Em um relatório especial na introdução actual da circulação, o Lazar cardiothoracic de Harold do cirurgião do centro médico de Boston, DM, encontrou que a cirurgia do enxerto do desvio de artéria coronária da fora-bomba (OPCAB) não mostrou nenhuma melhoria significativa na morbosidade ou na mortalidade a curto prazo em relação à cirurgia tradicional do enxerto do desvio de artéria coronária (CABG) da em-bomba. Recomenda que a técnica esteja abandonada, a menos que os cirurgiões que executam a cirurgia da fora-bomba puderem mostrar que seus próprios resultados são tão bons quanto os resultados relatados com a cirurgia tradicional da em-bomba.

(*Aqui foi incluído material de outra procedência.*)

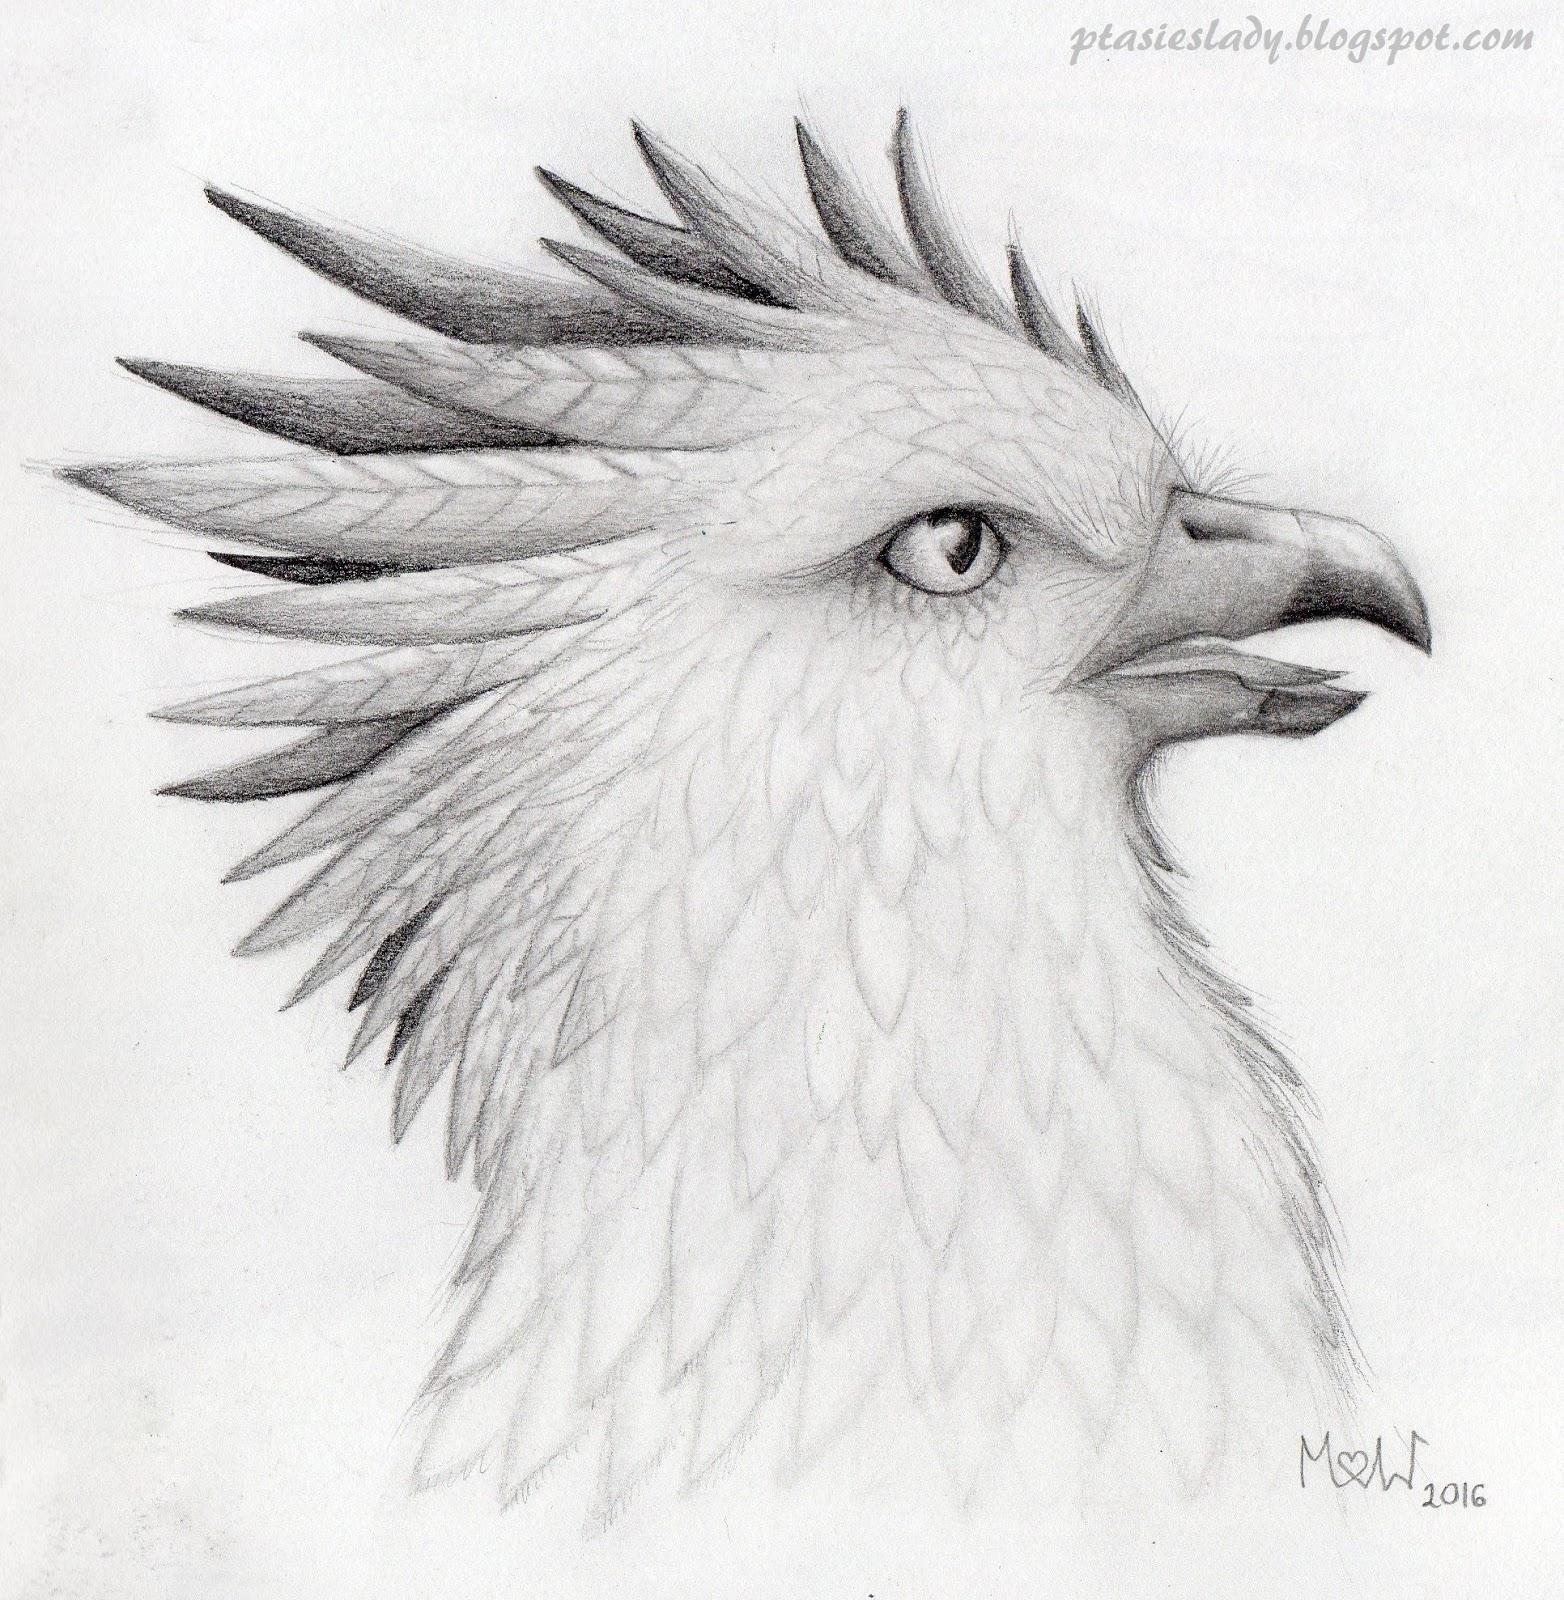 Ptasimi śladami Stycznia 2017

Durante a cirurgia do enxerto do desvio de artéria coronária da fora-bomba, o coração ainda está batendo quando os acessórios do enxerto forem feitos para contornear um bloqueio. Ao executar a cirurgia da em-bomba CABG, o coração é parado e uma máquina do coração-pulmão toma sobre o trabalho para o coração e os pulmões. Este método foi uma técnica eficaz, segura e tempo-provada e é considerado a bandeira de ouro com que todos métodos cirúrgicos restantes do revascularization foram comparados. Contudo, executando o revascularization coronário esta maneira pode conduzir a ferimento isquêmico miocárdico, aos deficits neurocognitive, e aos cursos e activar os caminhos inflamatórios que contribuem às complicações pulmonaas, renais e hematológicas.

A fim comparar exactamente as vantagens e as desvantagens de OPCAB e determinar o que, eventualmente, o papel que deve ter na prática do revascularization cirúrgico da artéria coronária, dados clínicos examinados Lazar dos estudos numerosos no mundo inteiro e encontrou que a técnica de OPCAB não tinha mostrado nenhuma melhoria significativa na morbosidade ou na mortalidade a curto prazo.

De acordo com o Lazar um ímpeto principal para OPCAB de execução era evitar os efeitos prejudiciais possíveis do desvio cardiopulmonar, que incluem a activação de caminhos inflamatórios, mudanças na função neurológica e cognitiva e alterações na qualidade de vida. “Contudo, os pacientes que submetem-se a OPCAB não mostraram nenhuns benefícios nestas áreas,” disse o Lazar, um professor da cirurgia na medicina da escola da universidade de Boston. “Mesmo naqueles estudos em que OPCAB conduziu a uma melhoria pequena em resultados pós-operatórios adiantados, estas melhorias são já não aparentes na continuação a longo prazo,” adicionou.

De facto, diversos estudos sugerem que a sobrevivência a longo prazo possa significativamente ser reduzida nos pacientes de OPCAB comparados com os pacientes em quem as técnicas da em-bomba foram usadas. O Lazar explica que este pode ser atribuível ao aumento significativo no revascularization incompleto visto em pacientes de OPCAB e pode ser responsável para o aumento na angina periódica e precisar para os procedimentos do revascularization vistos em pacientes de OPCAB.

“A menos que os cirurgiões individuais podem demonstrar que podem conseguir curto e resultados a longo prazo com OPCABG que são comparáveis à em-bomba CABG resulta, devem abandonar esta técnica,” disse o Lazar.